A recent ruling by the NSW Supreme Court shows just how costly the simple mistake of using an ABN instead of an ACN on the PPSR can be. In this case Alleasing had leased an ore crushing plant to OneSteel.  Alleasing paid $23 million for the design, supply and installation of the crusher.  Alleasing registered its security rights in the ore crusher on the PPSR but an employee of Alleasing used OneSteel’s ABN and not ACN on the registration.  The Court held that the “registrations were defective” and  “The defect was such that searchers using one of the authorised modes of search would not discover the registration.  This renders the defect seriously misleading, and so the registrations were ineffective pursuant to s164(1)(a)….”   The result of this ruling was that Alleasing lost its rights in the ore crusher.
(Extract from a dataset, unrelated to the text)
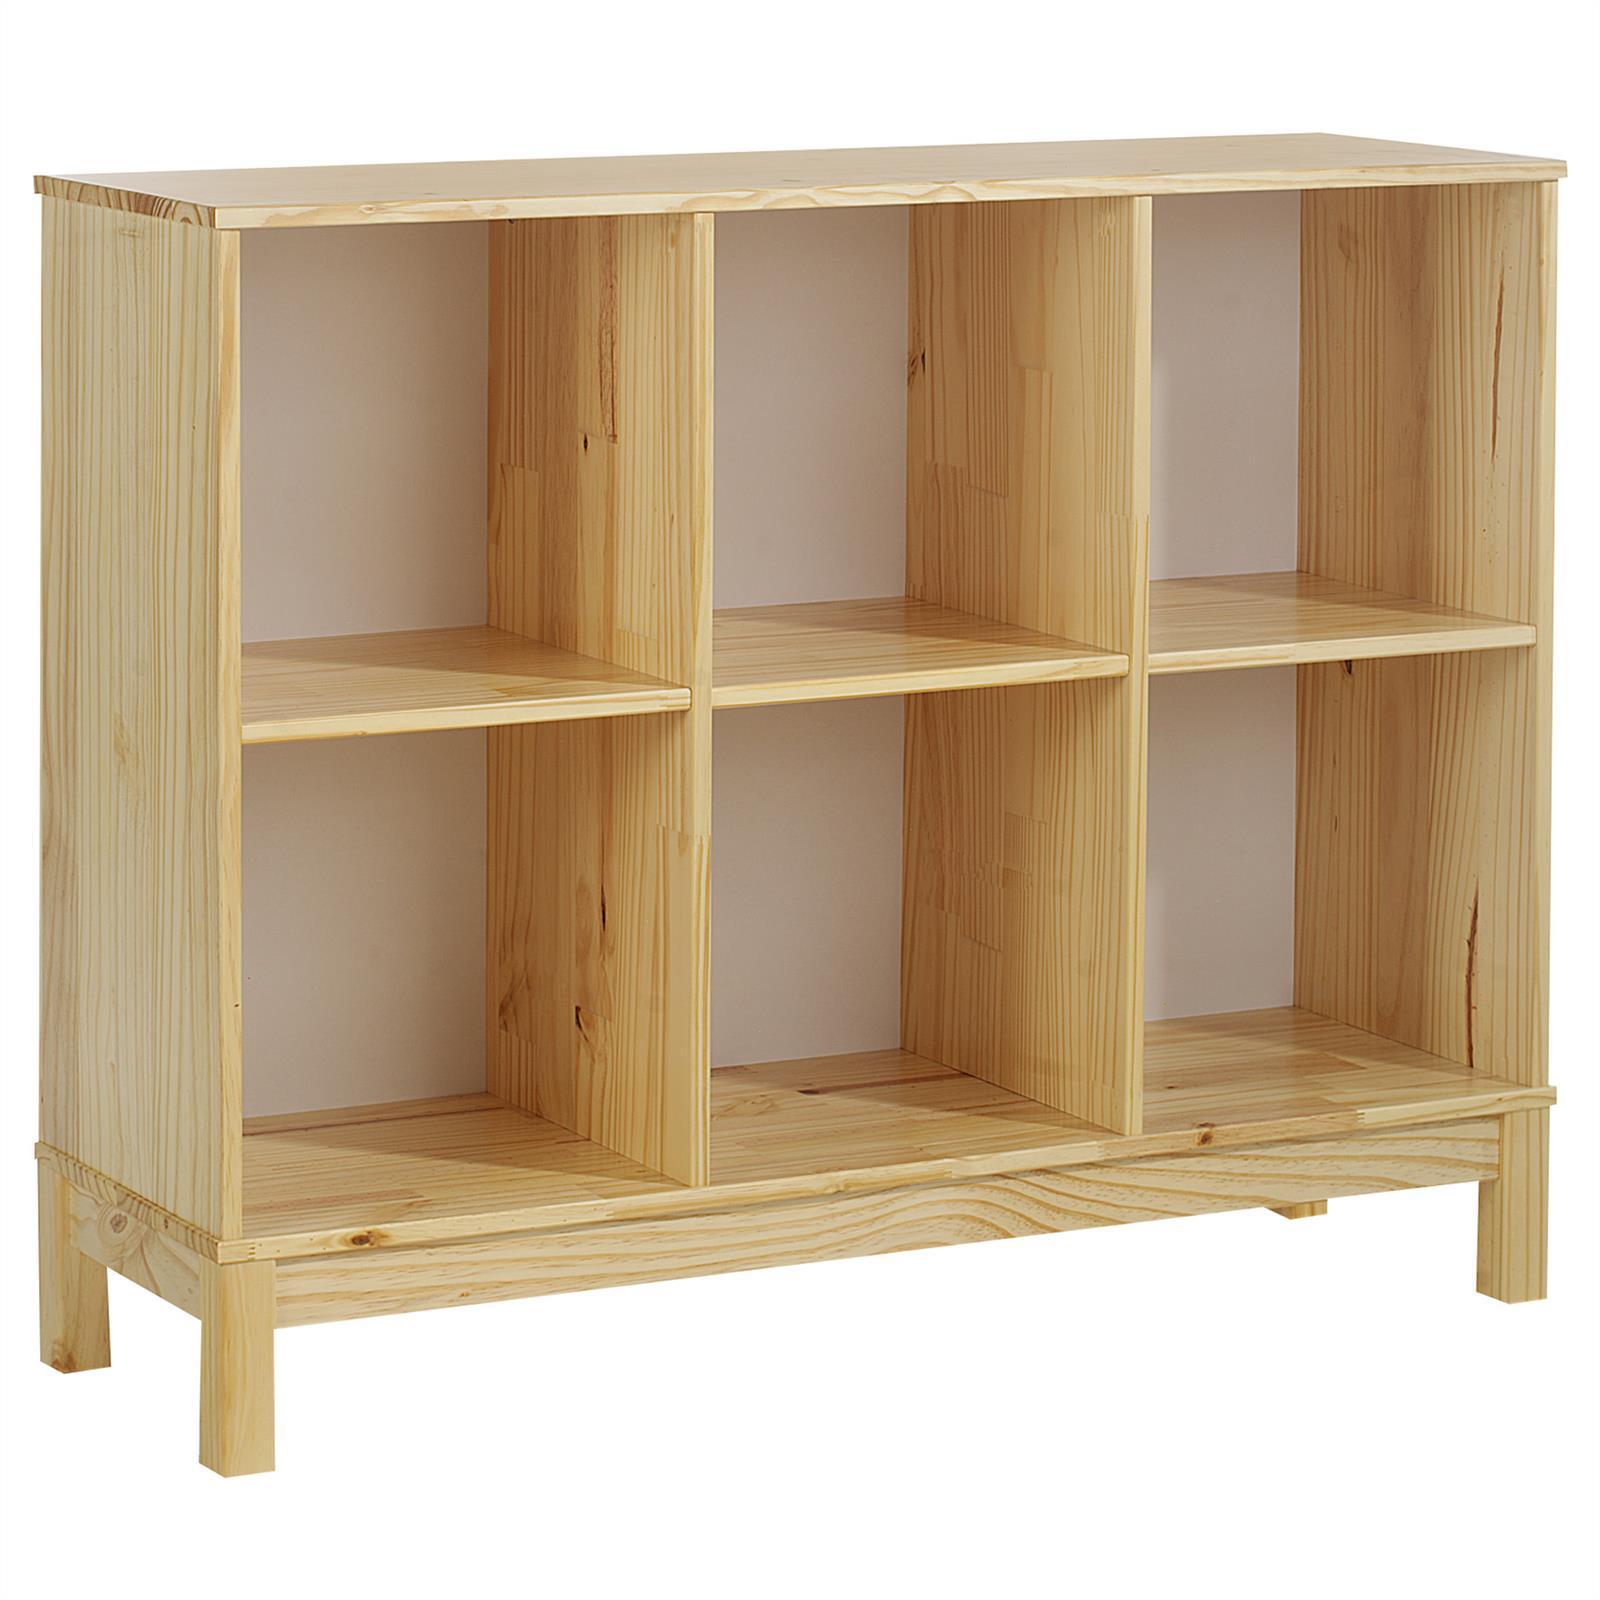 b cherregal b roregal regal standregal holzregal 6 f cher kiefer massiv lackiert ebay. Black Bedroom Furniture Sets. Home Design Ideas

One expensive $23 million mistake!

So when should an ACN or an ABN should be used?  If the grantor entered the agreement as a trustee of a trust which holds an ABN, the ABN should be recorded on the register.  If the grantor entered the agreement in its own corporate capacity, the company’s ACN should be recorded.

Given that a security interest in personal property can be lost if the grantor is not correctly identified on the PPSR, we recommend you have a lawyer undertake the registration of a security interest.  This will ensure the grantor is correctly identified and the security interest is valid.


This article is for general information only and not legal advice. Legal advice should be obtained before taking  any action or otherwise rely upon the content of this article in any way. This article was prepared on 28 February 2017 and has not been revised to account for any changes in the law since that time.